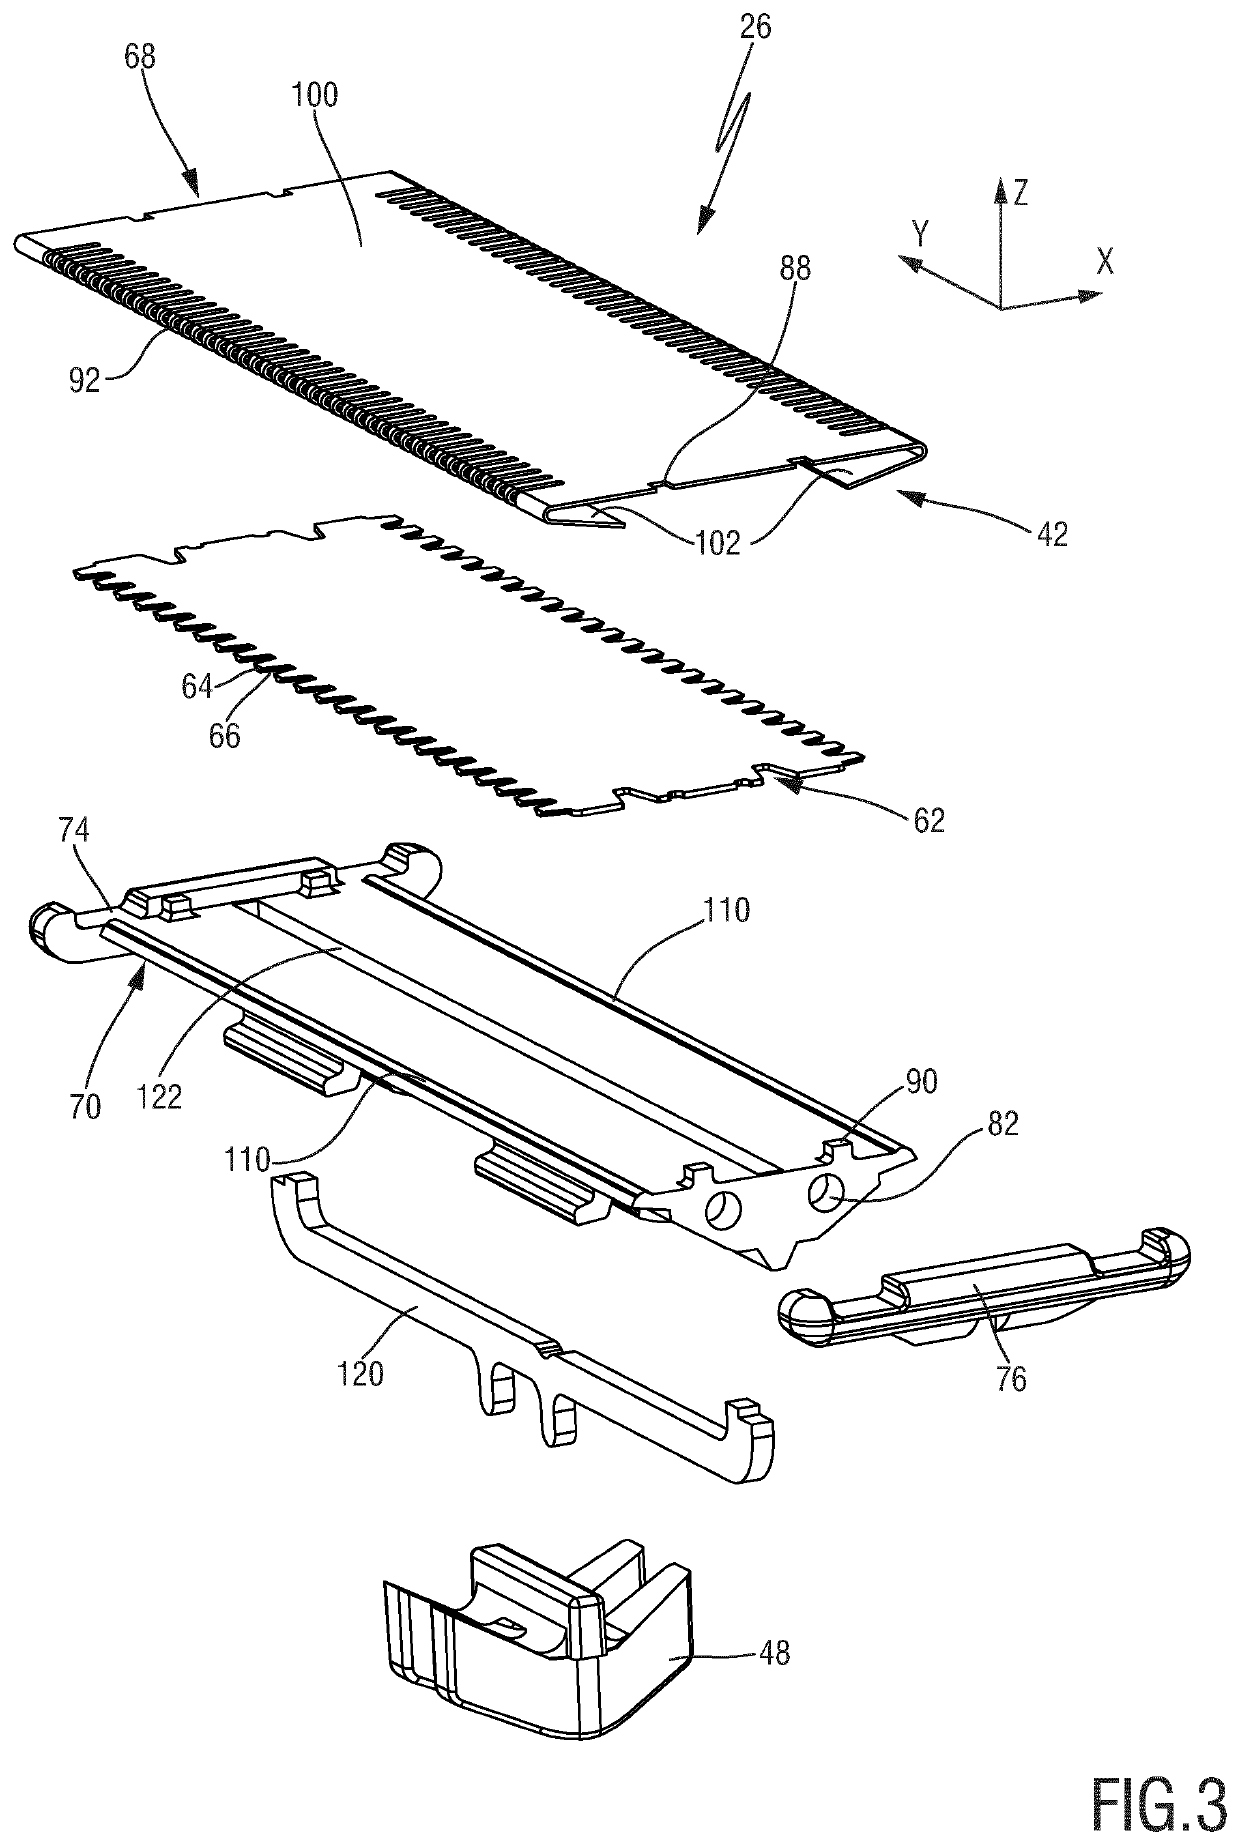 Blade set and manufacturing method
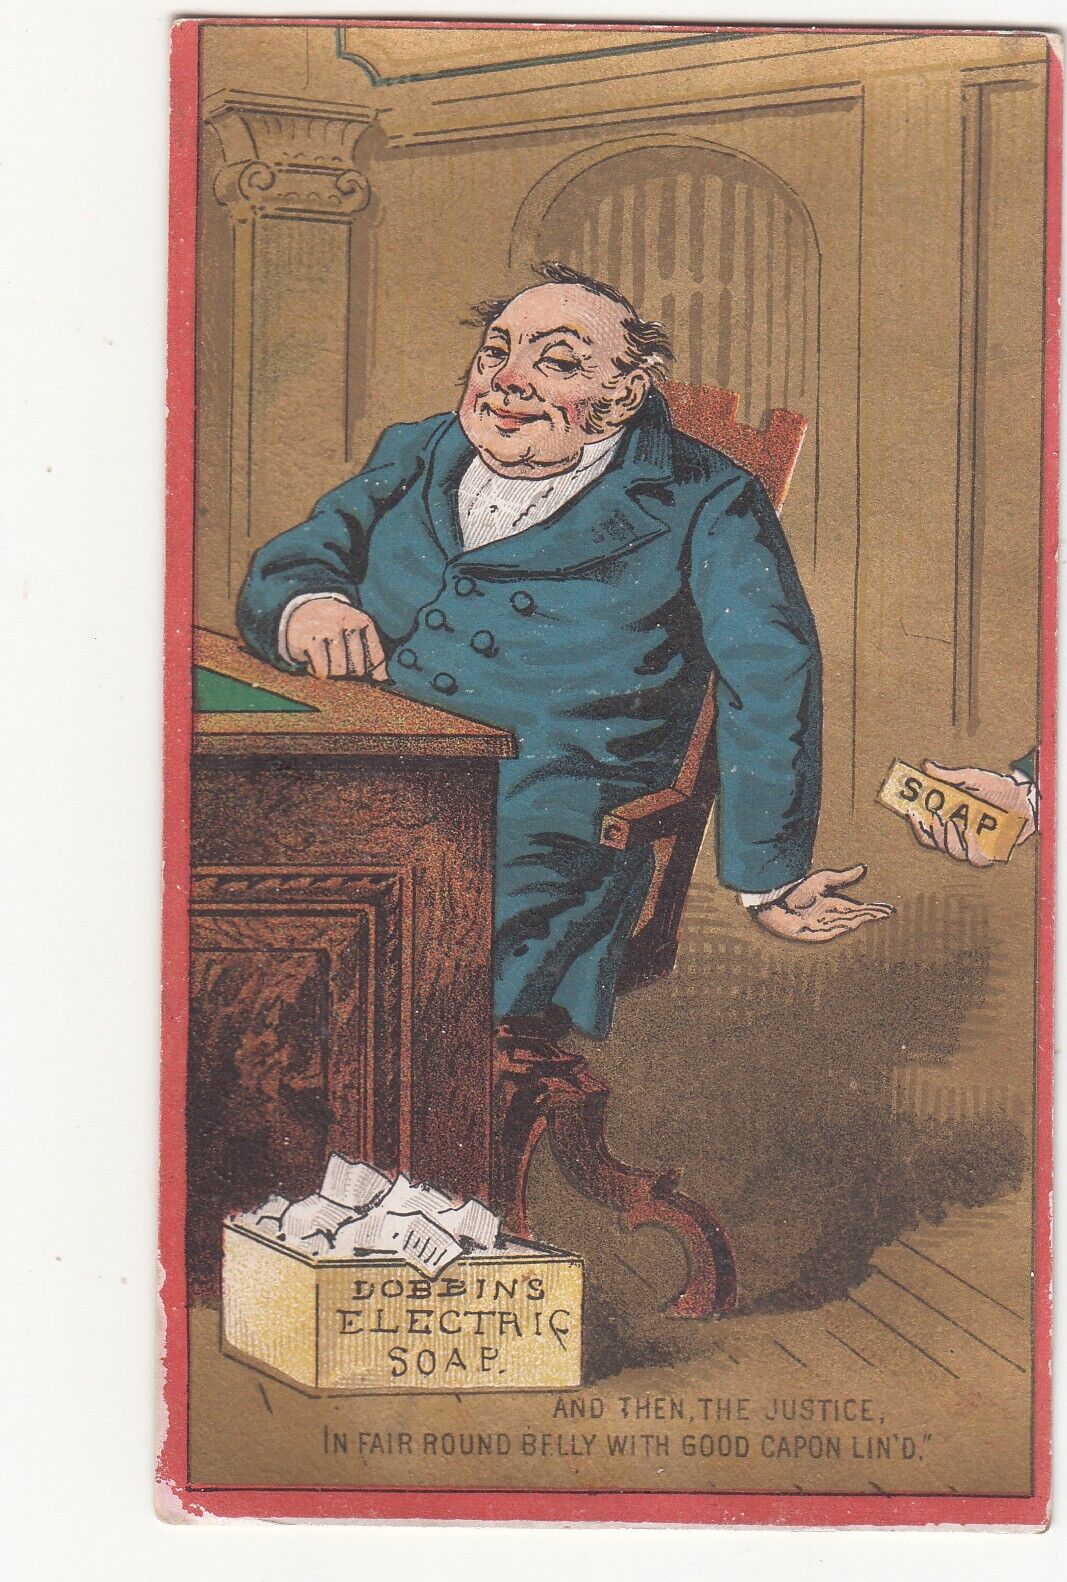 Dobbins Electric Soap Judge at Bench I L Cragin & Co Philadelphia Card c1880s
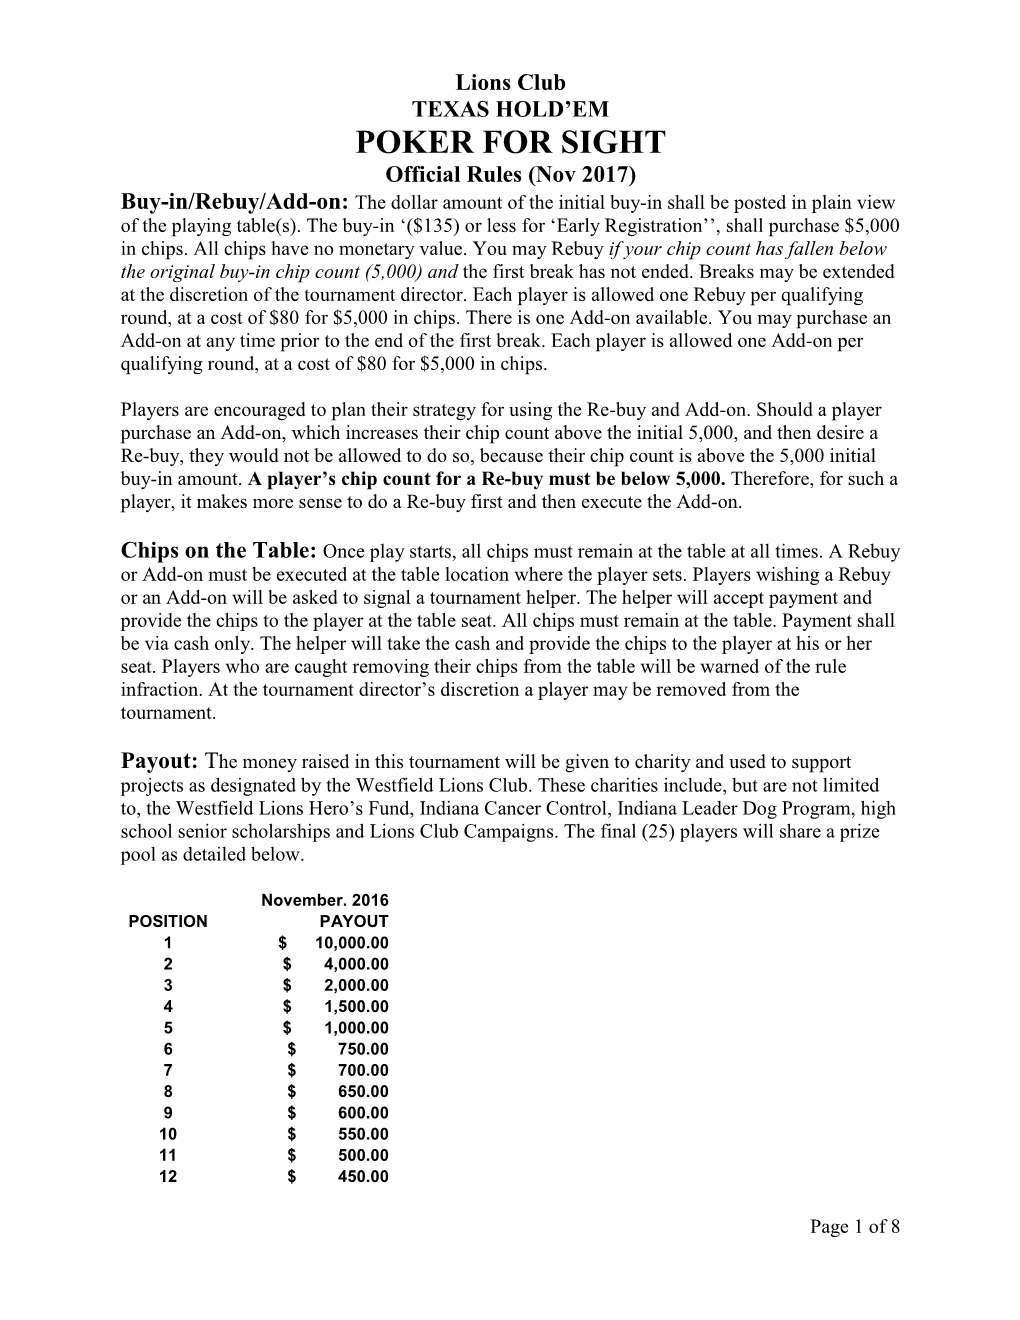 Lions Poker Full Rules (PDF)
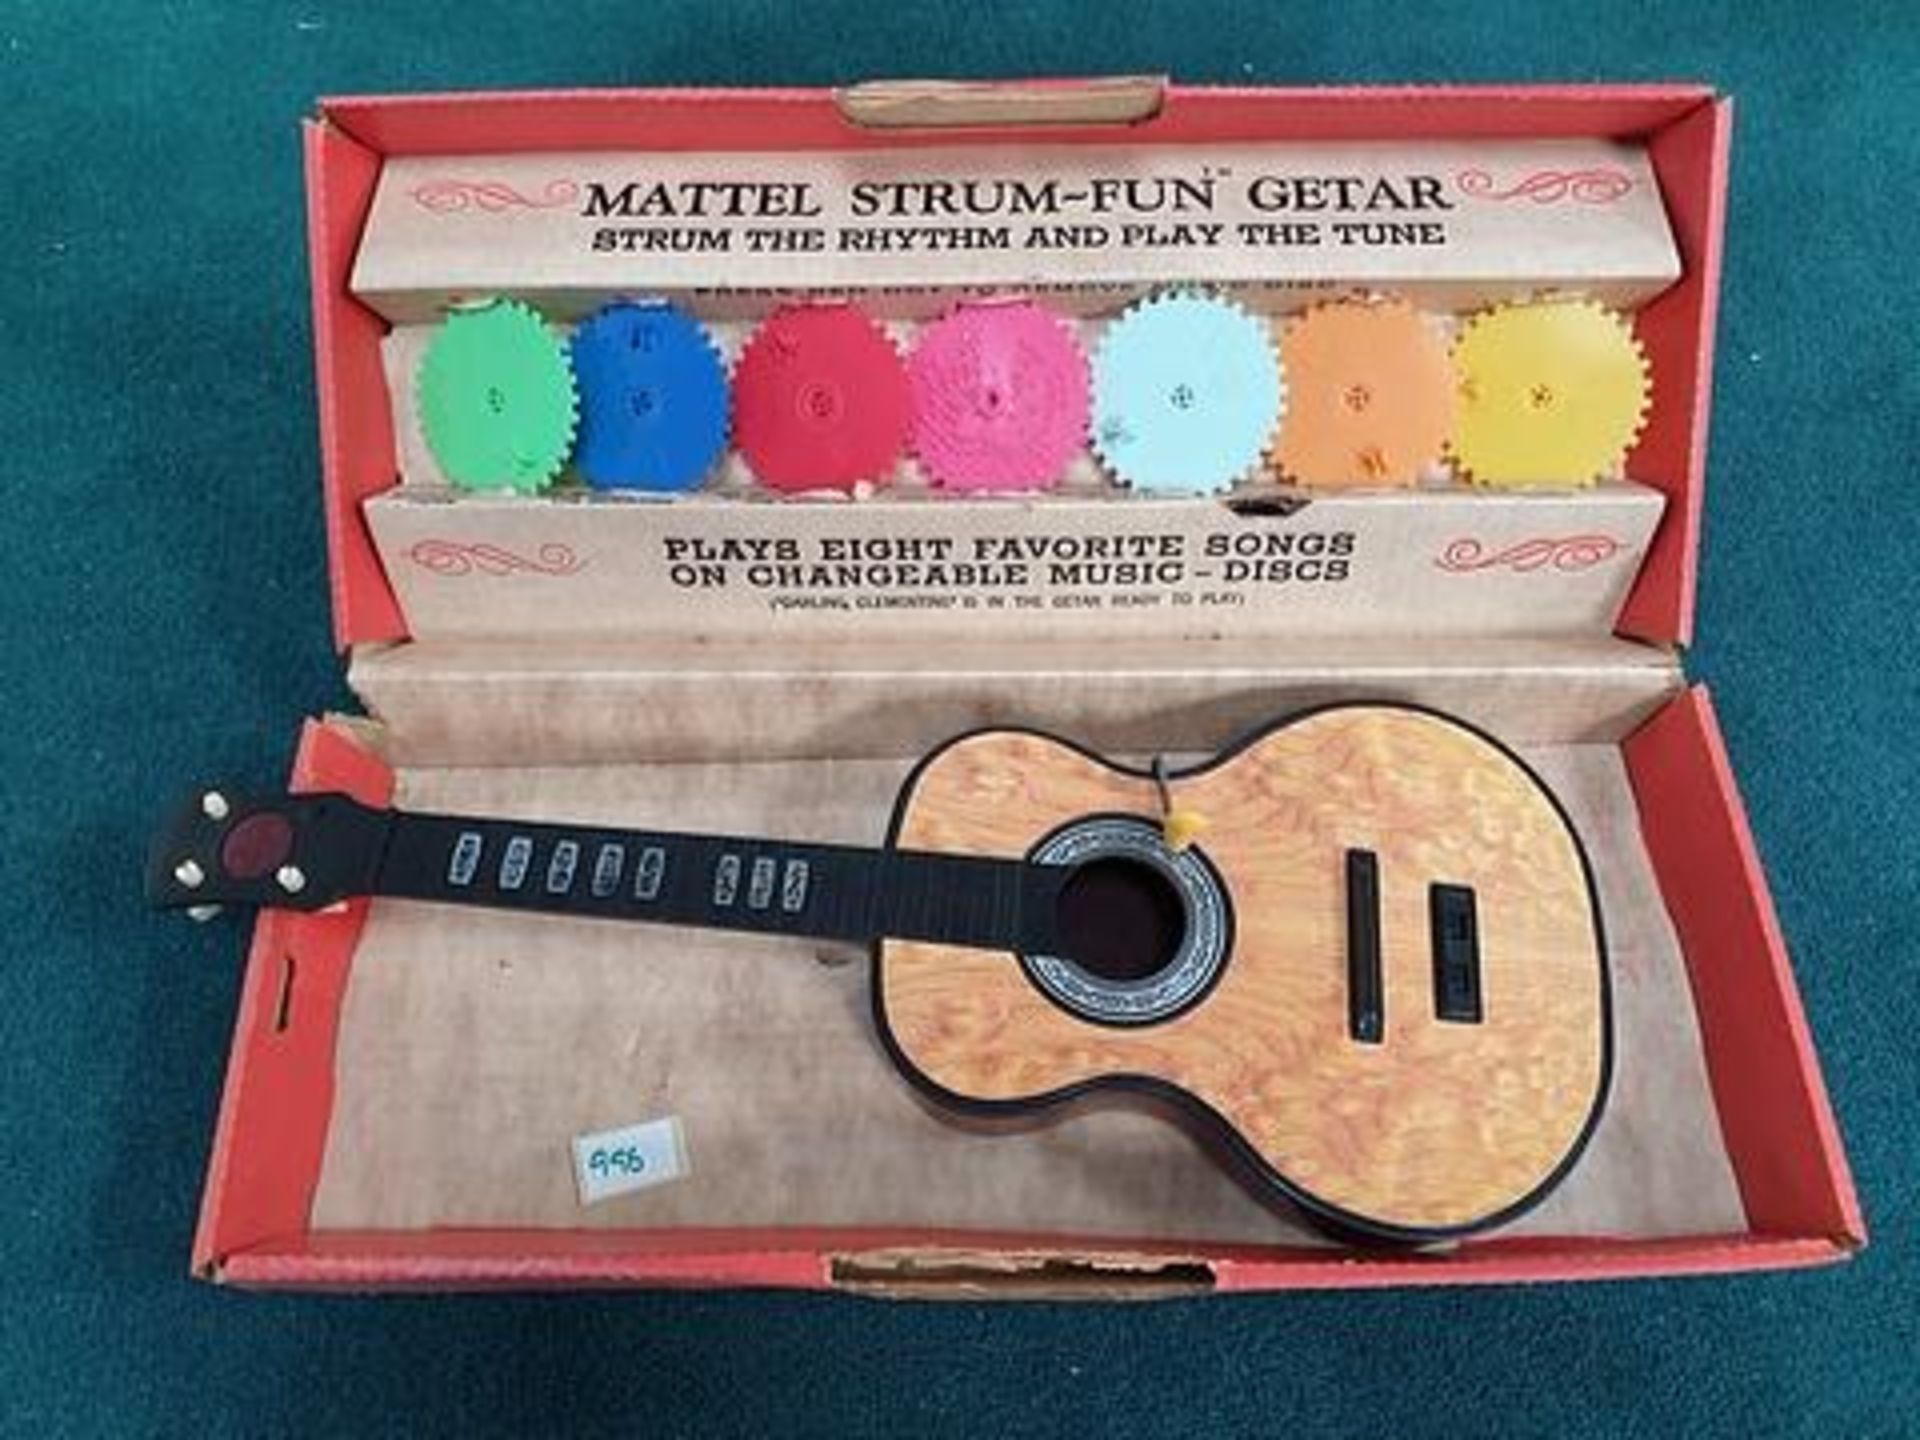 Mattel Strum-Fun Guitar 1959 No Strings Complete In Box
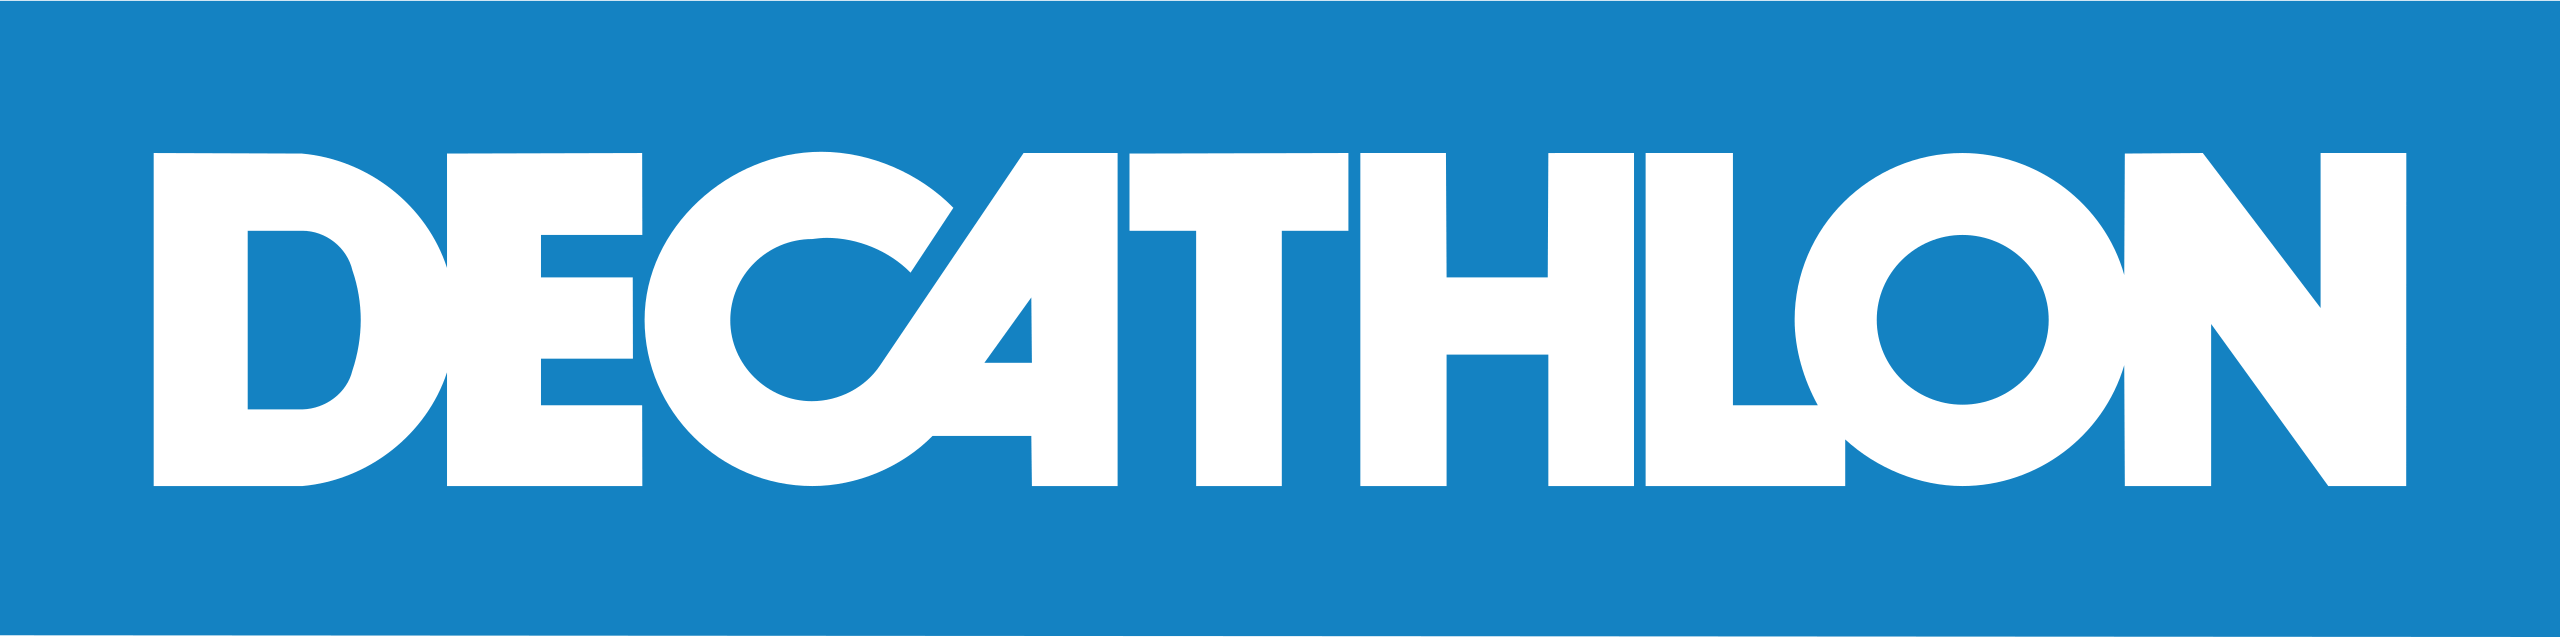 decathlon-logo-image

■ Problem statement: What is needed is an exact copy of all the data, with no images in it.

■ Exercise result:
 Blade set and manufacturing method
 Dobbins Electric Soap Judge at Bench I L Cragin & Co Philadelphia Card c1880s
 Lions Poker Full Rules (PDF)
 Mattel Strum-Fun Guitar 1959 No Strings Complete In Box
 decathlon-logo-image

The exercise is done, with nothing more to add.